__Source data__
= = = = =
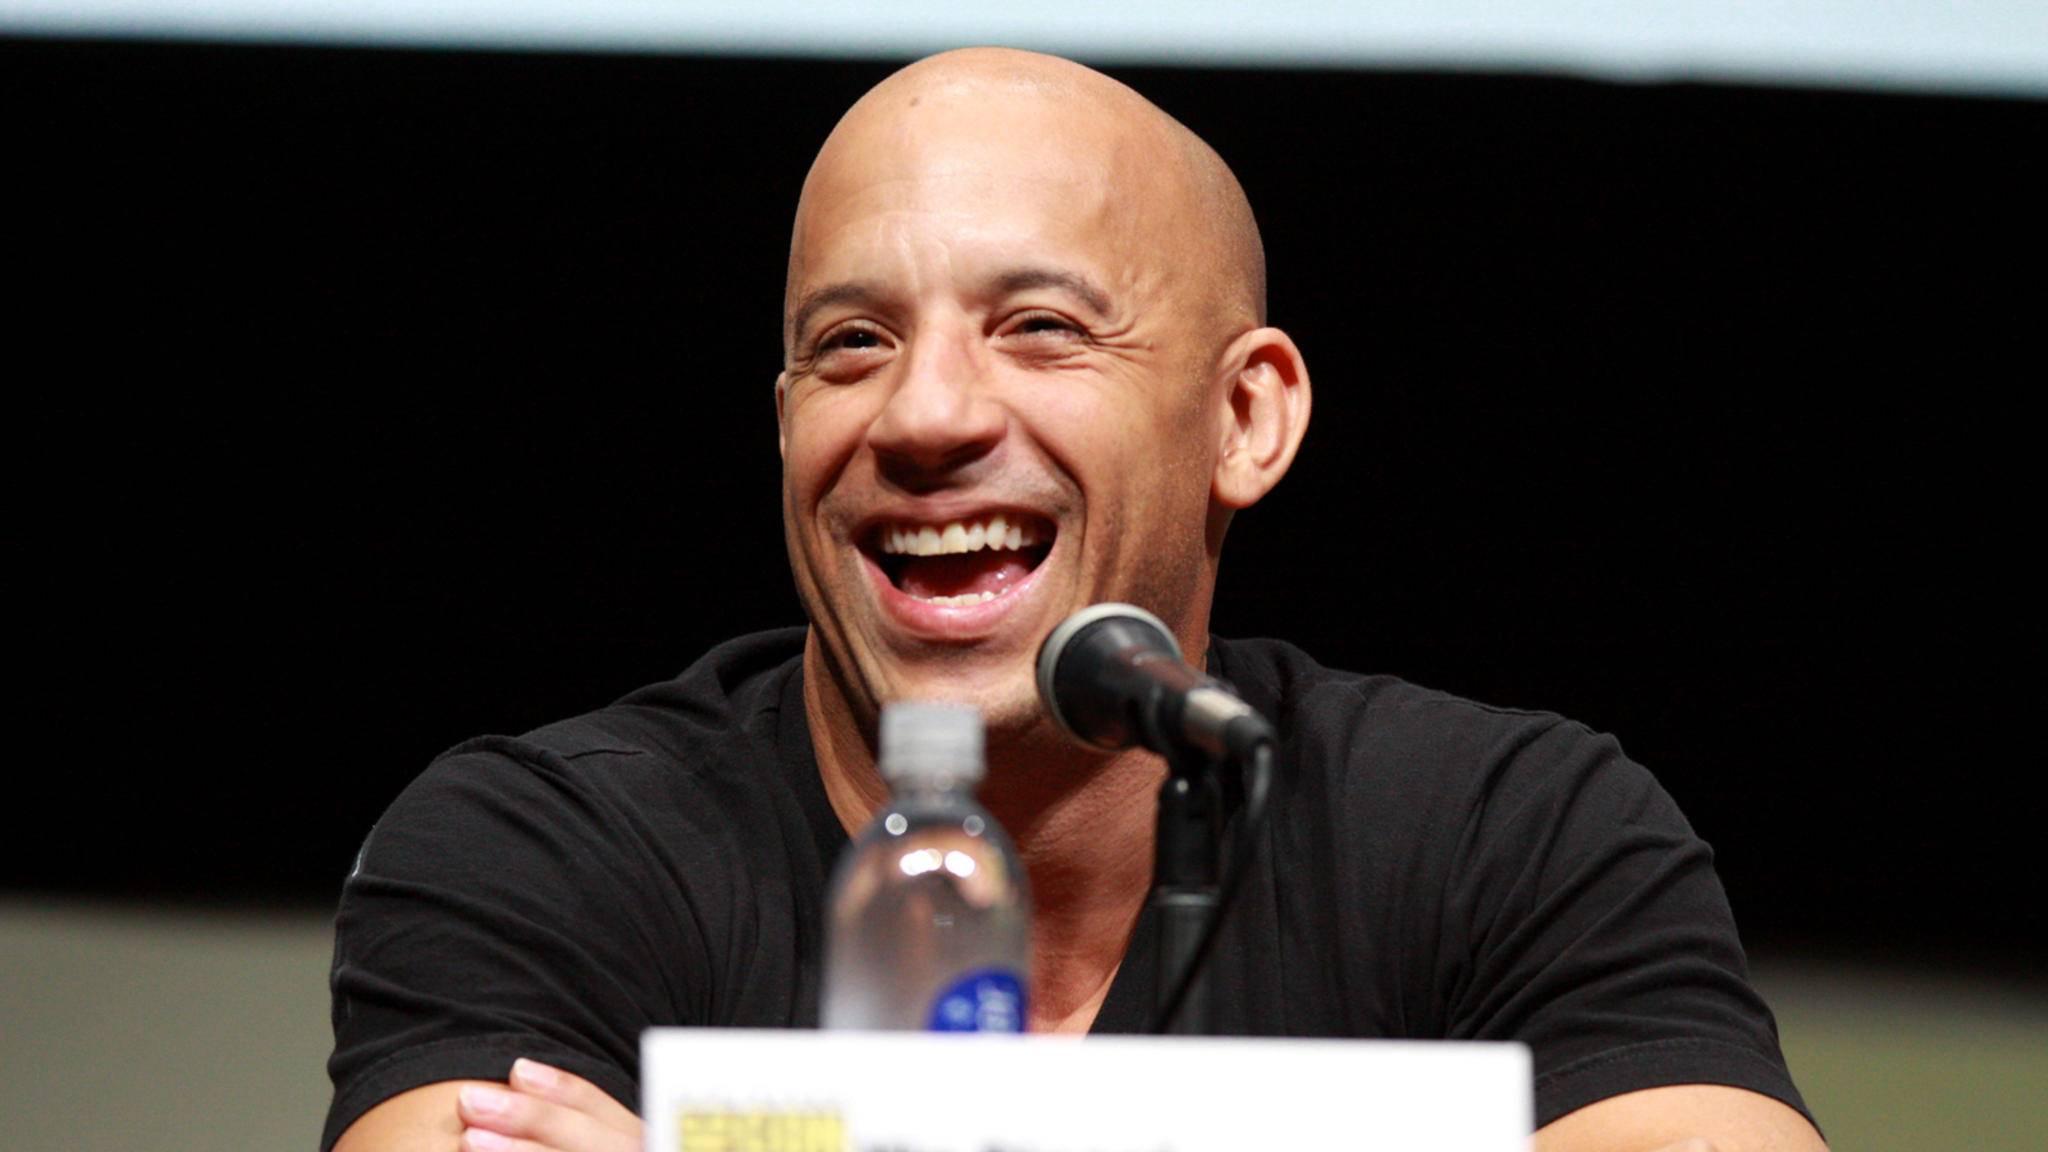 """Vin Diesel freut sich auf """"xXx – The Return of Xander Cage"""" und lässt seine Fans mit exklusiven Bildern daran teilhaben."""
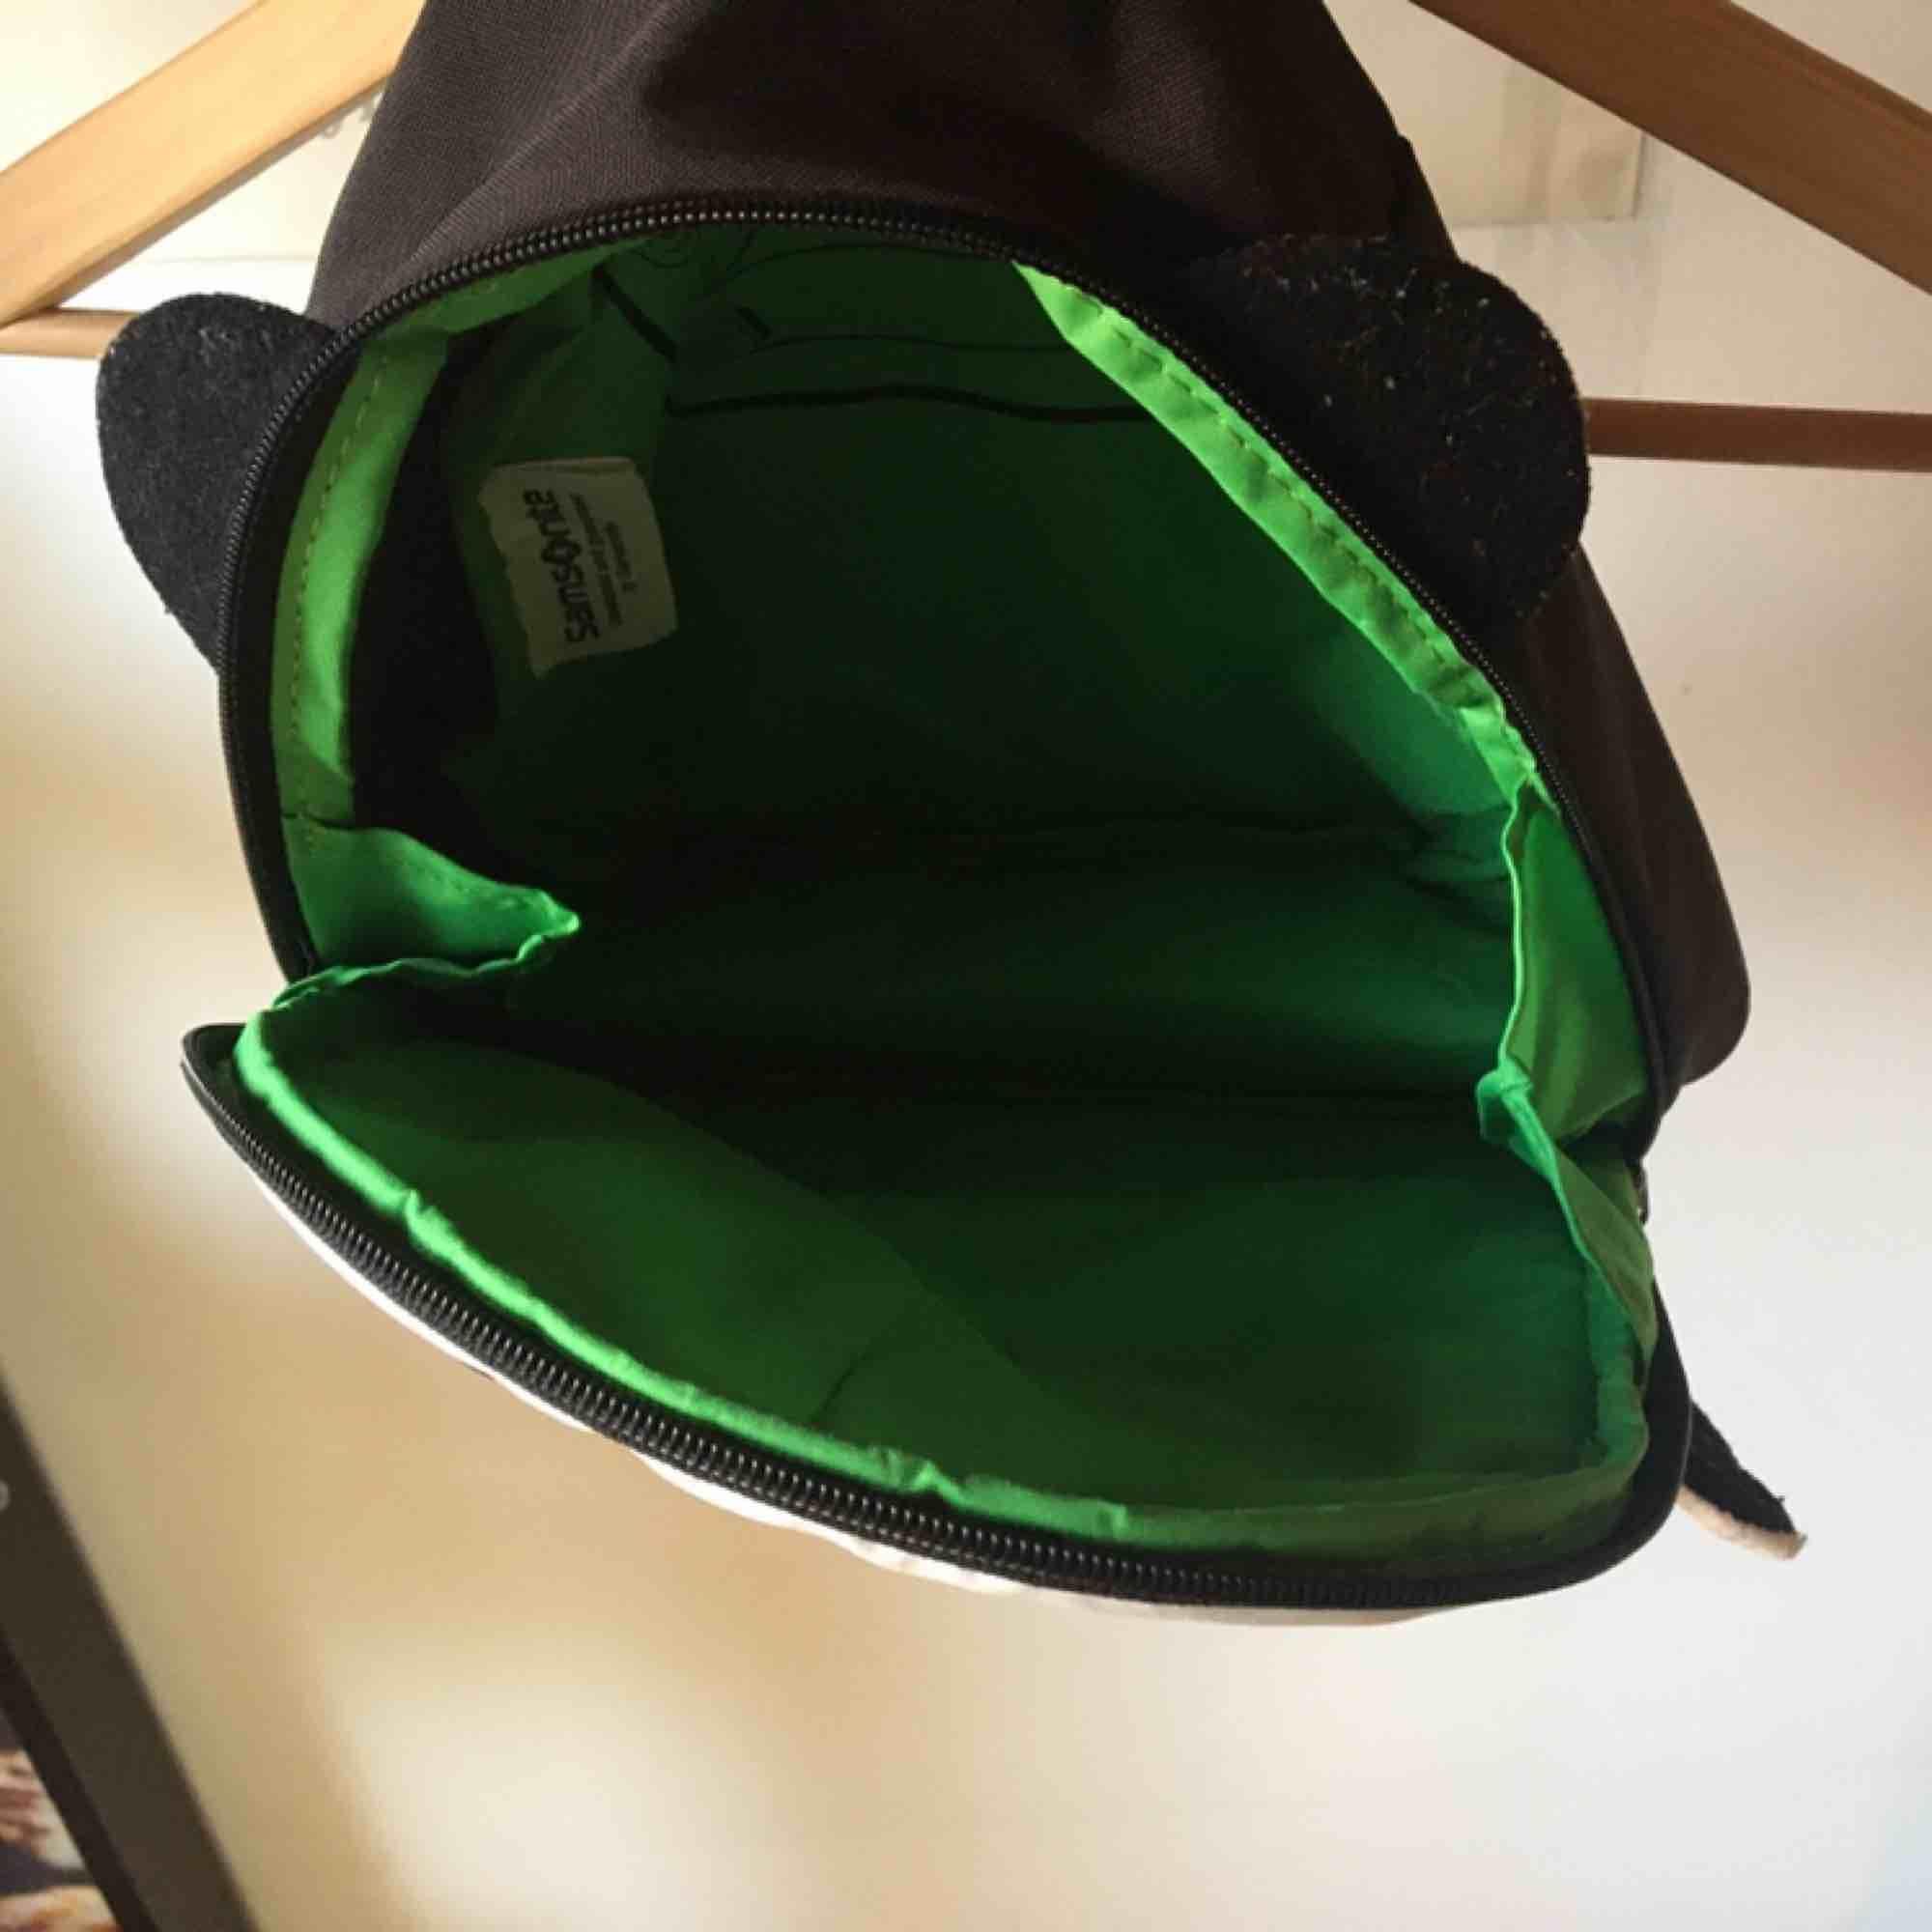 Söt pandaryggsäck med grönt foder på insidan. Nopprorna på örat tas bort med maskin innan försäljning såklart. Knappt använd och i fint skick. Vid frakt står köparen för kostnaden 🐼. Väskor.
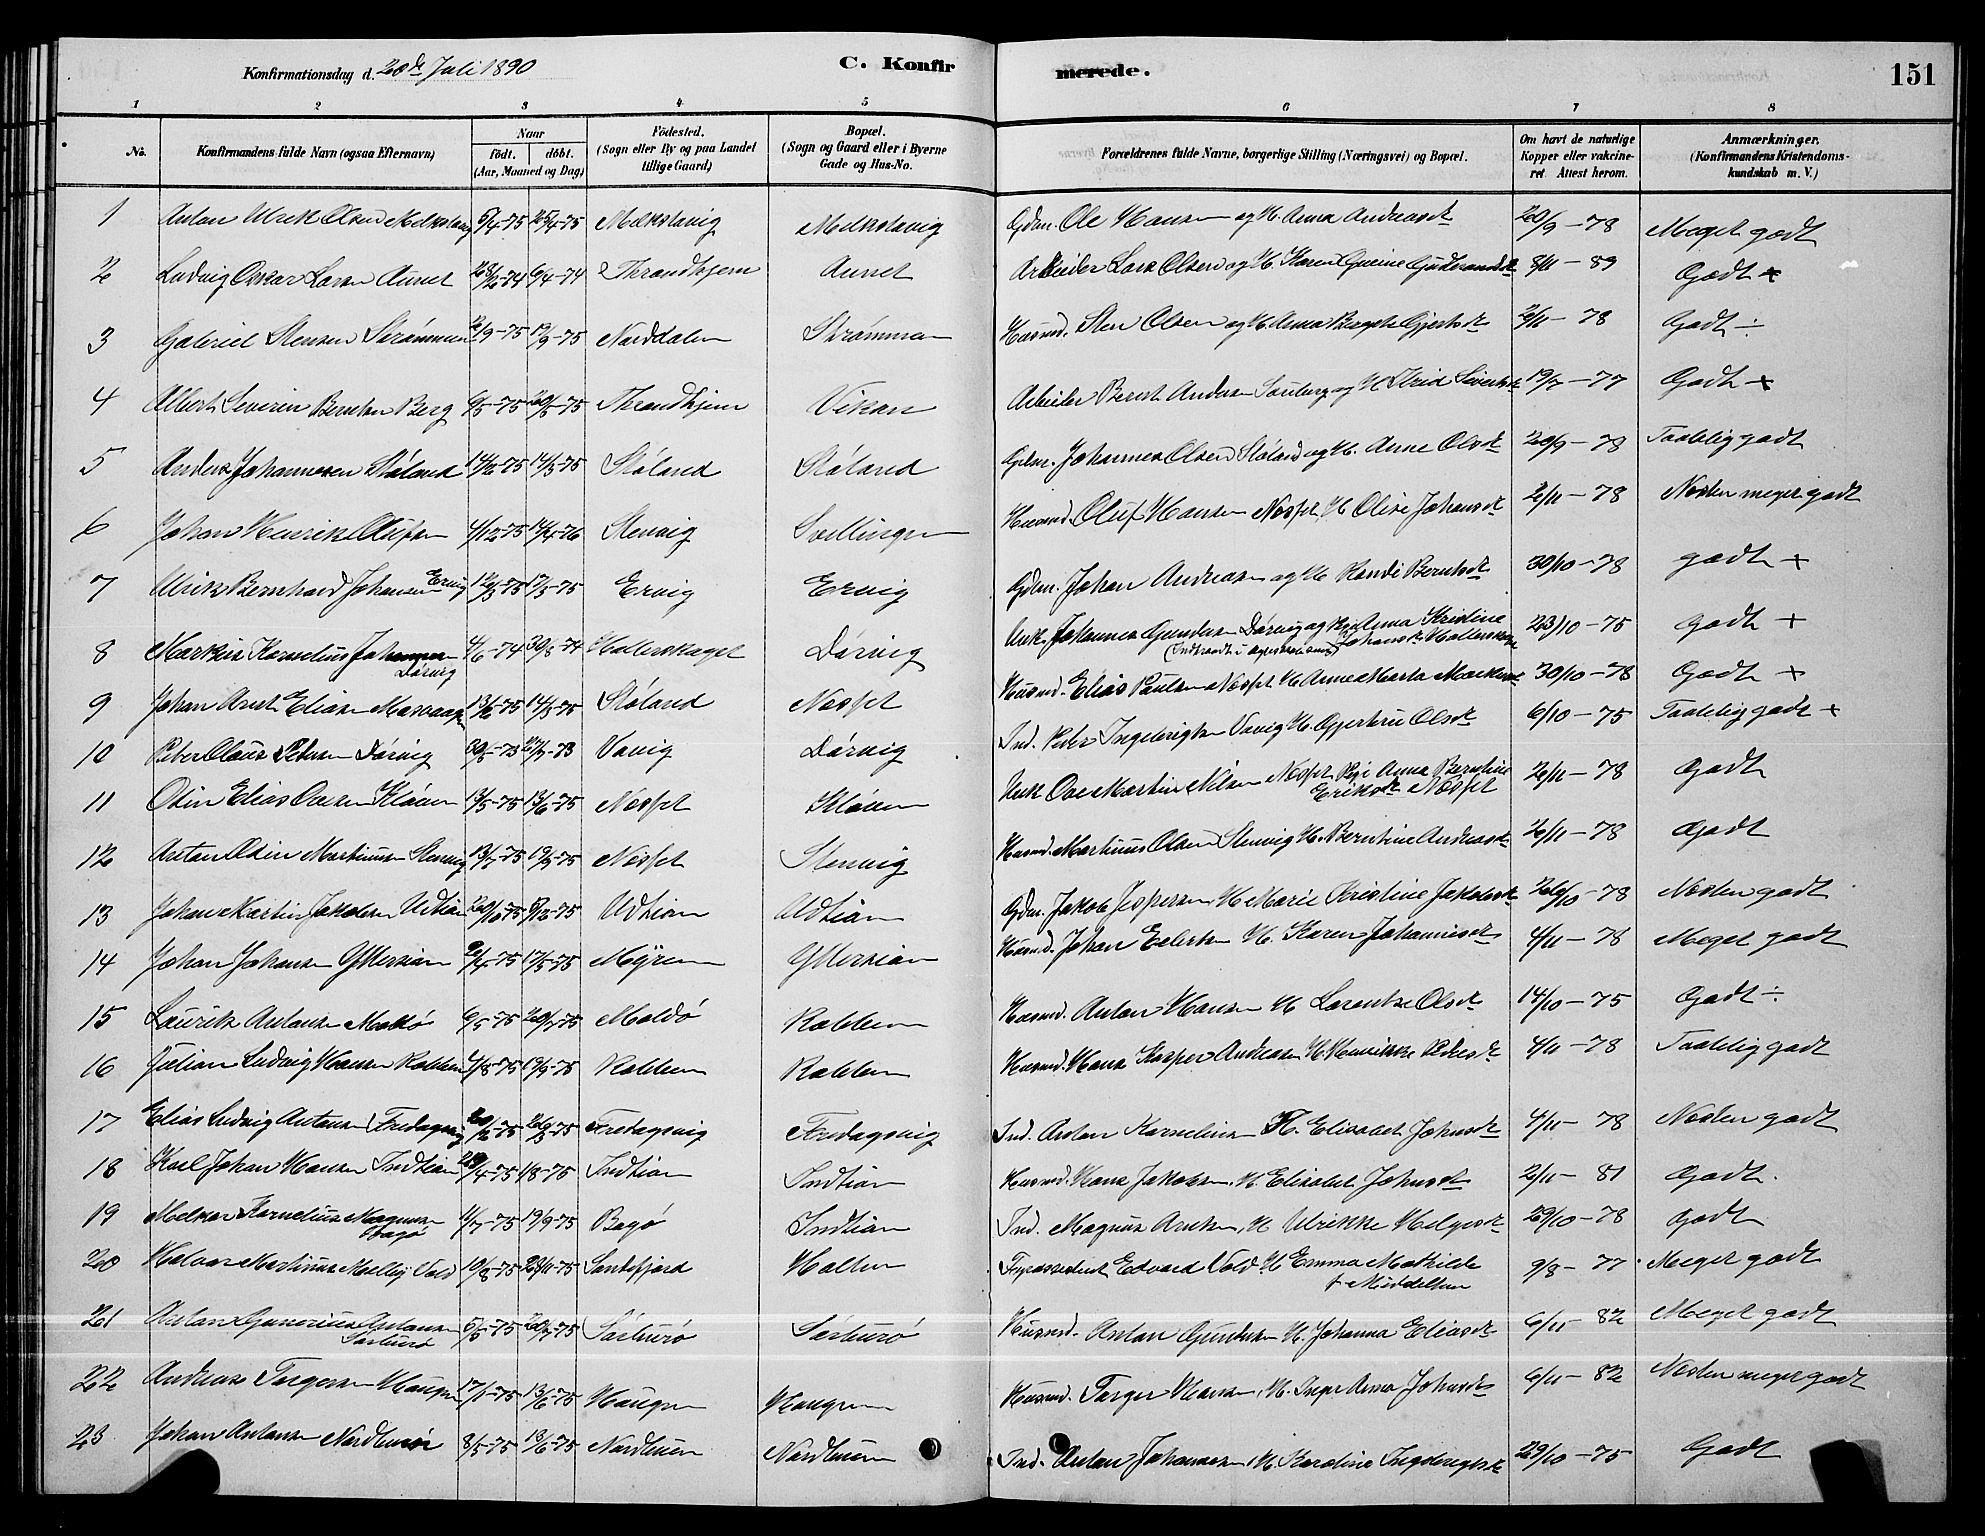 SAT, Ministerialprotokoller, klokkerbøker og fødselsregistre - Sør-Trøndelag, 640/L0585: Klokkerbok nr. 640C03, 1878-1891, s. 151
= = = = =
__What to produce__
A verbatim transcript of the material above, with images dropped, is the expected output.

__Result for this task__
 """Vin Diesel freut sich auf """"xXx – The Return of Xander Cage"""" und lässt seine Fans mit exklusiven Bildern daran teilhaben."""
 Söt pandaryggsäck med grönt foder på insidan. Nopprorna på örat tas bort med maskin innan försäljning såklart. Knappt använd och i fint skick. Vid frakt står köparen för kostnaden 🐼. Väskor.
 SAT, Ministerialprotokoller, klokkerbøker og fødselsregistre - Sør-Trøndelag, 640/L0585: Klokkerbok nr. 640C03, 1878-1891, s. 151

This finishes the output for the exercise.